Archive for the ‘Love’ Category
May 10th, 2009 | Josie
The constant theme of my life is this up and down rollercoaster game I’ve been playing with love, and the idea of love, since I was old enough to understand what it meant. I’ve been hurt, and I’ve hurt others. I’ve even wallowed in what I though was a hurt, but turned out to be a bit of a blessing in disguise. I’m jaded, guilded green with the doubt my past encounters with love have instilled. I’ve been too quick to fall in love, or to claim a love that wasn’t true. At the first wisps of what might develop into genuine feelings, I would declare my devotion, verbally or not, and would extinguish the infant flames. Too many times I’ve put out the fire before it even began to give off light or heat. My experience of love has too often left me shivering in the dark alone.I’ve grown more and more hesitant to declare my feelings, even to feel them at all. There have been times I have all but given up on the idea of being lovable, damning myself to an existence of forever unrequited infatuations. As much as I yearned for love, I worried that perhaps it was beyond my reach. I realize now that perhaps what made love so unattainable for me was my very searching.
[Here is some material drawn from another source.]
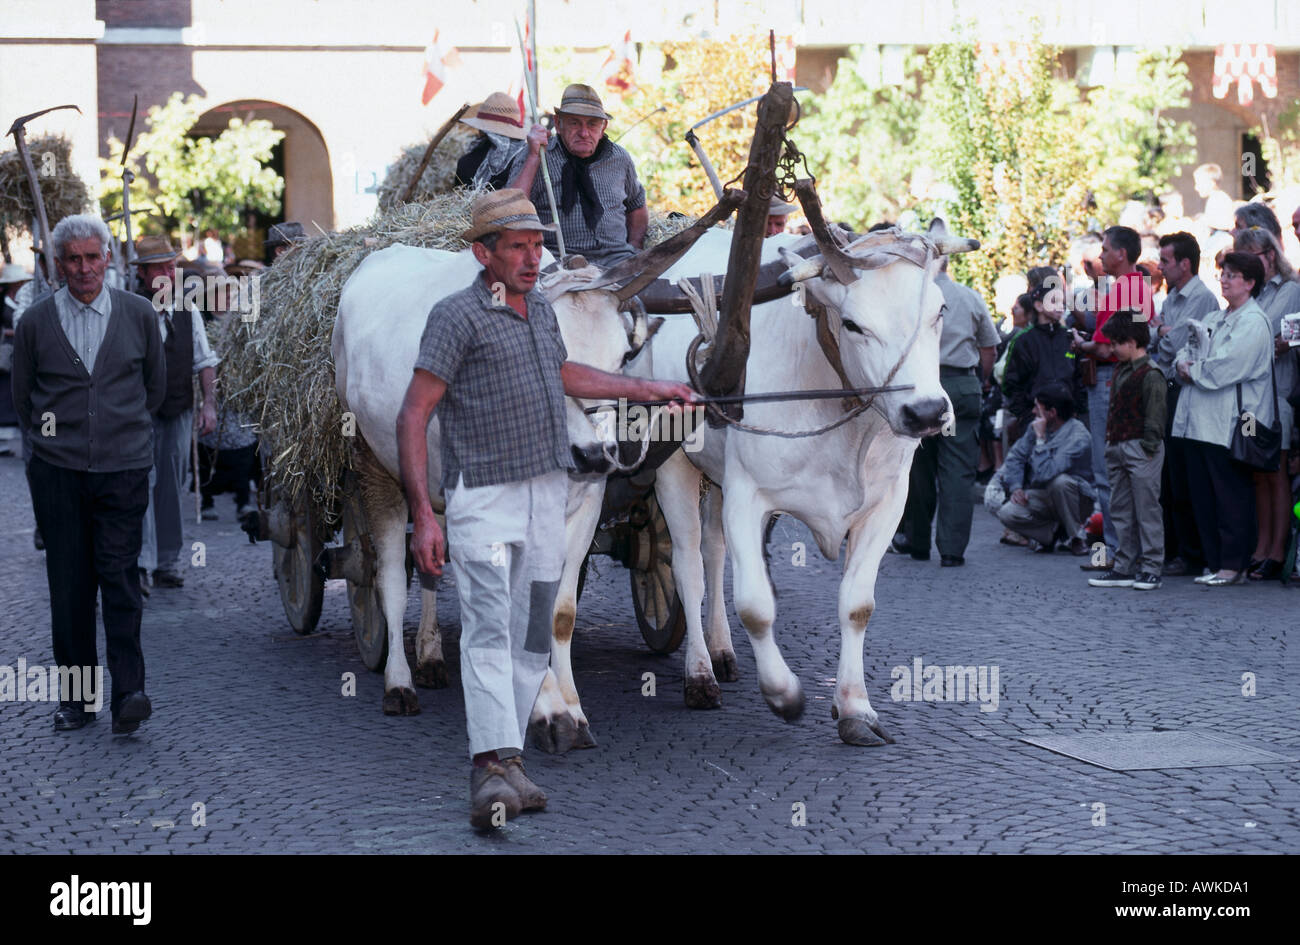 People in costumes with ox cart during festival, Festival delle Sagre, Asti, Piedmont, Italy Stock Photo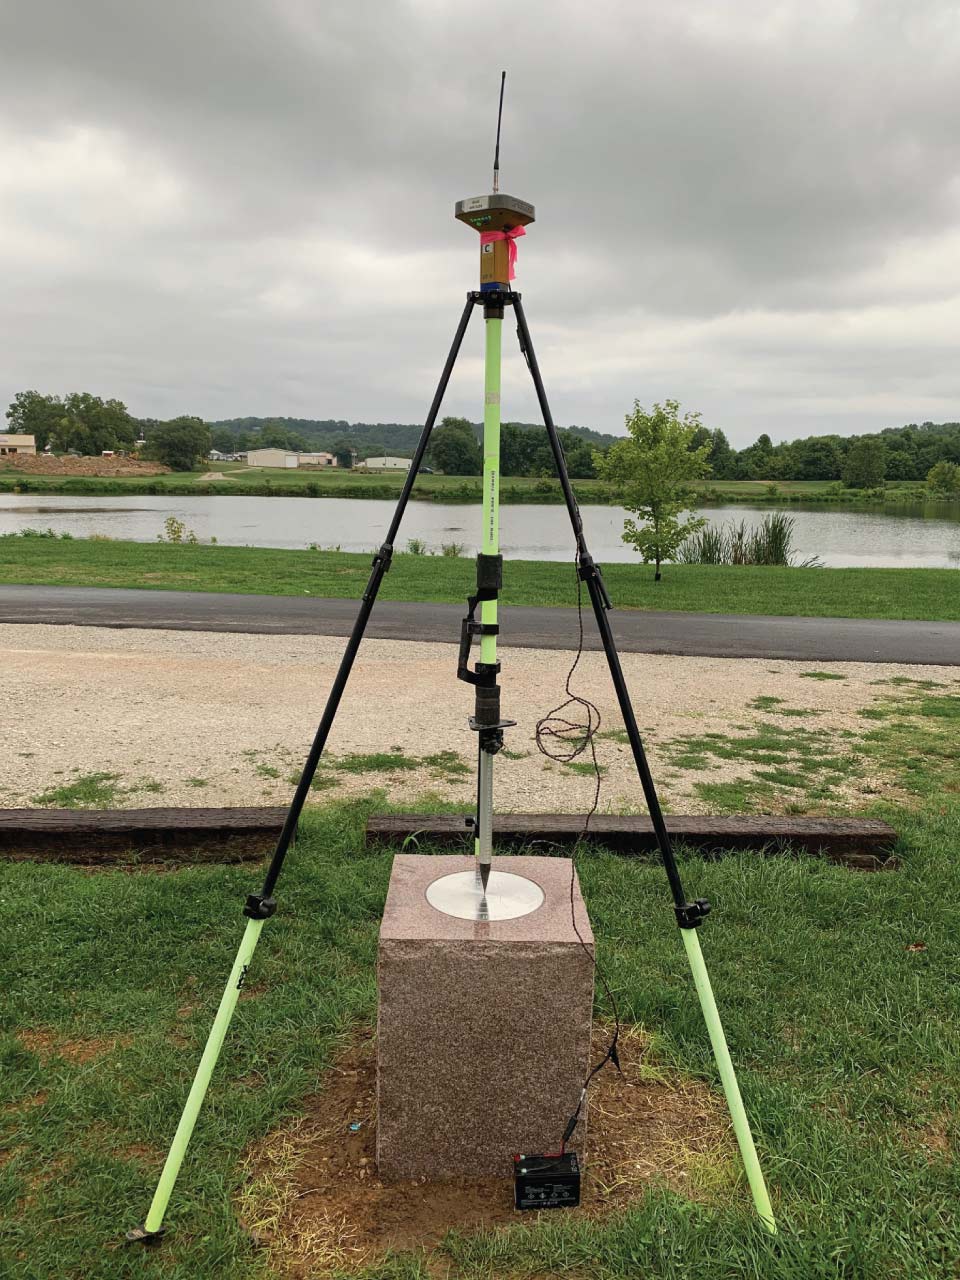 This survey tripod was used to precisely measure the location of the commemorative marker for the 2020 U.S. Center of Population in Hartville, Missouri.

As long as I was looking for it, love was elusive and reluctant to alight on me. It was when I least expected it, when I wasn’t seeking it at all, that the sparks of what might be love, given the chance, landed on my shoulders. The distance is hard, no doubt about it. but I think that, combined with a hesitance born of years of hurt, the distance has given me the space to avoid smothering the growing flames.Its different this time, not the roaring inferno of teenage hormones, bound to burn bright and die suddenly with lack of oxygen. Nor is it a timid kind of love, that I am always feeding and fostering but it bound to go out from the start. This time it isbetter, real, solid. While the warmth, this love, is terrifying to a heart used to chill, it is at the same time exhilierating. This is warmer, brighter. More a glow than a flame, the smoldering kind of heat that permeates a room. Or a soul.
January 4th, 2009 | Josie
It isn’t that I’m being ignored, that once again my hesitance had been justified, or that I’m left with only another notch in my bedpost and a simiarly sized wound to my heart. It is the fact that I trusted against my better judgement. I let in a little bit of hope when I should have kept the walls around my heart rigid and barred against the illusion of happy that was offered. Was a mere six weeks of blissfully wishing worth the further disillusionment to my belief in all things warm and fuzzy? I expected to hurt, to cry, and to miss that happiness, but I didn’t really want to believe that it would flee from me so swiftly. I thought the moment would linger, at least in hearts, for a little while at least, would let me cling to the threads of this unraveling tabestry of imaginary happiness. Instead I am ignored, rejected, and hope for something real is little more than smoke around my head as I sit on the floor with seared palms. And once again, I can’t blame anyone but myself.It is silly for me to be upset, one cannot expect a boy to be a man or happiness to alight in any permanent way on a lost cause like me. Its one more dissapointment to add to my growing reprotoire. I have amassed quite a collection of failed affairs and lost loves, gathering dust on the shelves of my soul. So, in the end I guild it in green and walk away, jaded all the more by further proof that my worst fears may turn out to be true.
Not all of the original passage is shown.